A news release issued here revealed that Barrick had earned US$371 million (R3.3 billion), or 42 cents a share, in the first quarter of the year. That was down from US$$514 million (R4.6 billion), or 59 cents a share, a year earlier.
The release added that gold production had risen 0.6% to 1.76 million ounces, while copper production had jumped 9% to 95 million pounds.

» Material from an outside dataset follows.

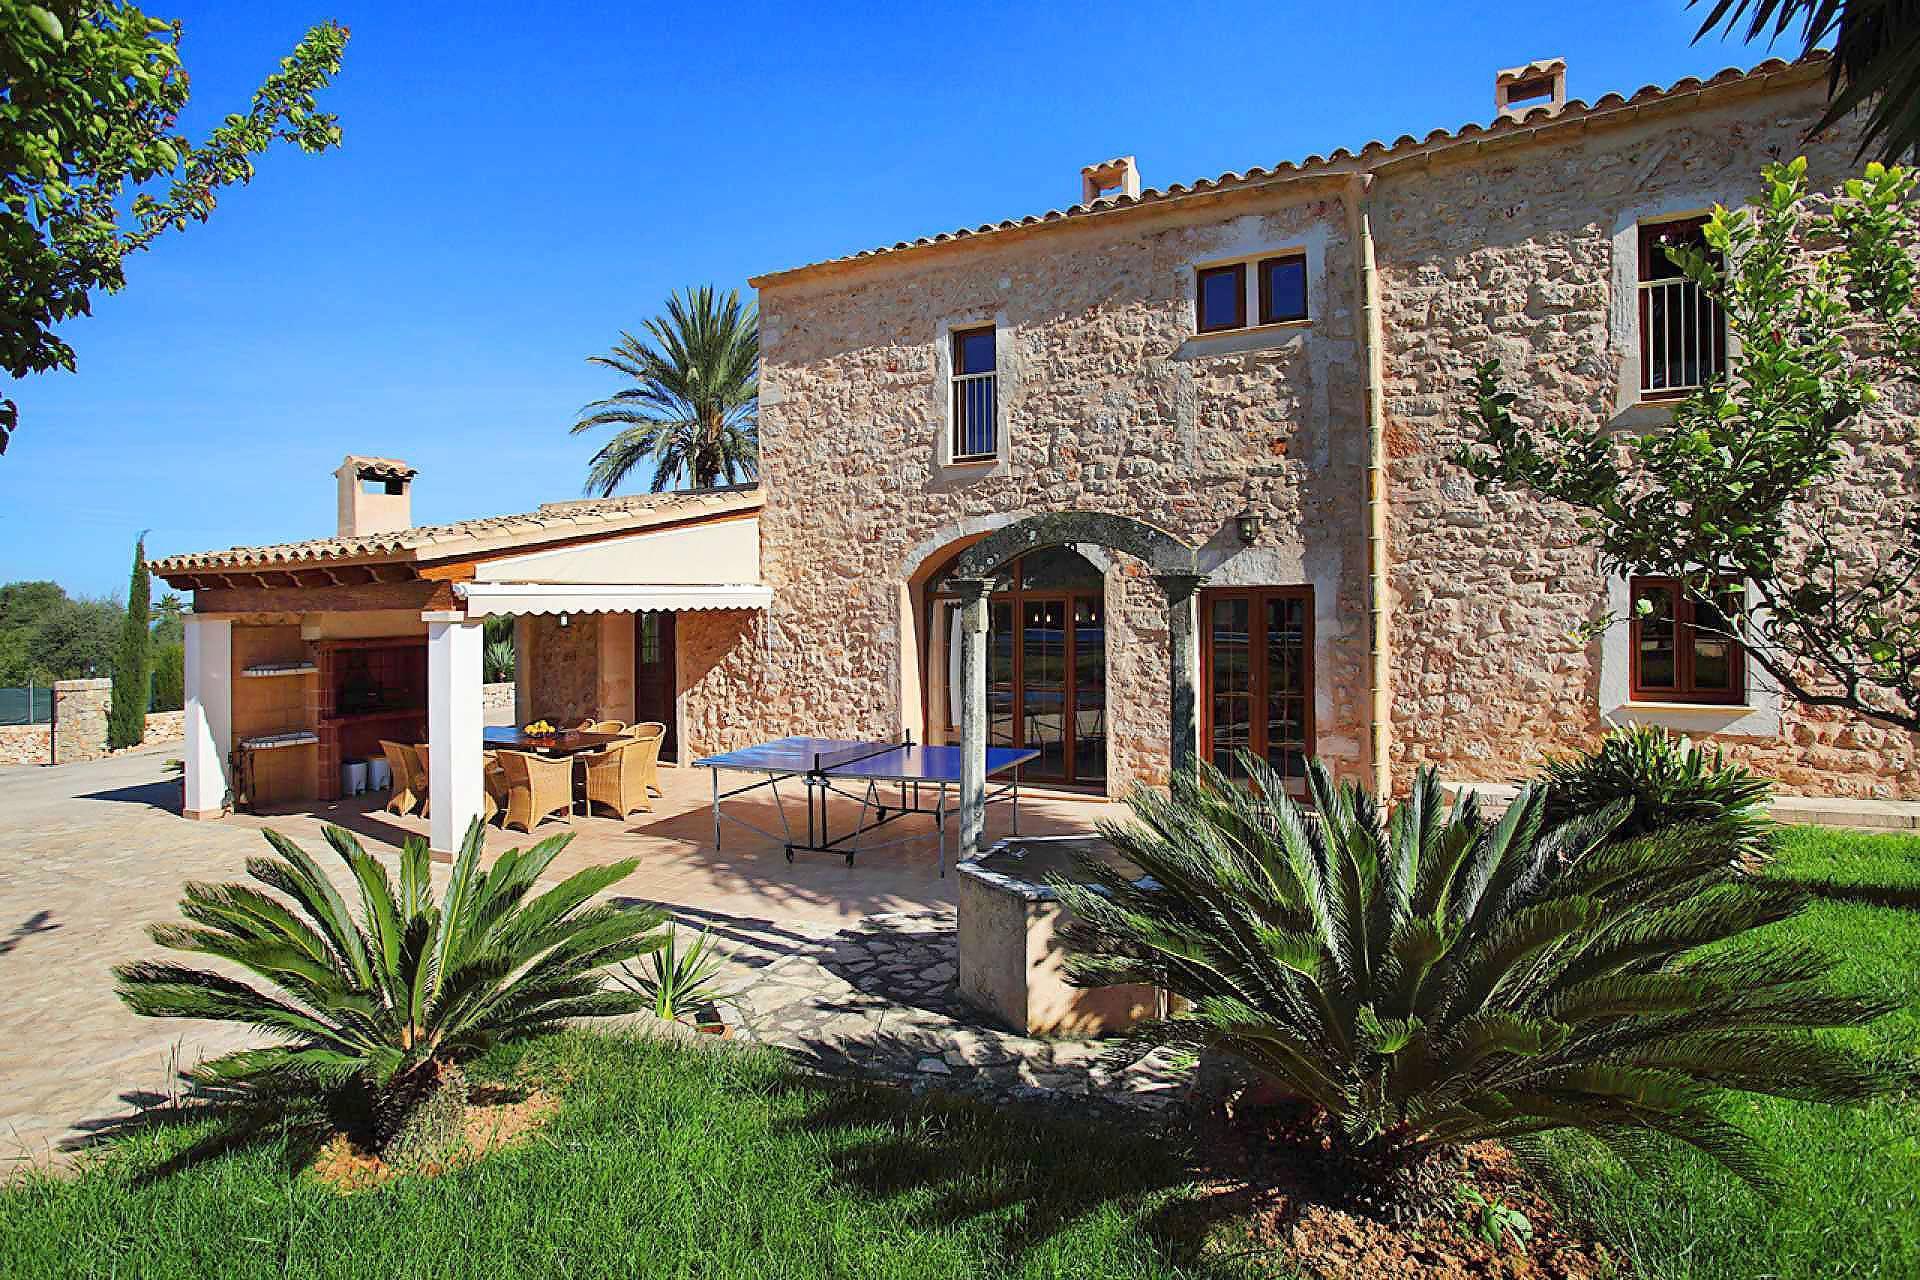 01-33 Spacious holiday home Mallorca East Bild 10

While realised gold prices had dipped slightly to US$912 an ounce from US$925, copper prices had fallen 16%, which had helped pull revenue down 6.6% to US$1.8 billion (R16.1 billion).
Barrick said this should change over the rest of the year, in part due to the opening of the Buzwagi mine in Tanzania, which chief executive Aaron Regent said in a statement was “essentially complete” and ready to pour its first gold shortly.
“Our outlook for gold remains positive, providing a favourable backdrop for the development of our next generation of lower-cost mines,” added Regent, who took over as CEO in January.
Barrick operates nearly 30 mines around the world, and hopes to reduce its average cost per ounce by opening new mines over the next few years.
“The company is on track to meet its 2009 forecast for gold production of 7.2 million to 7.6 million ounces at costs of US$450 to US$475 an ounce,” the release said, “while 2010 output is expected to increase to about 7.7 million to 8.1 million ounces at lower cash costs.
Caption, Pic 1: A night shot of one of Barrick’s Tanzanian gold mines.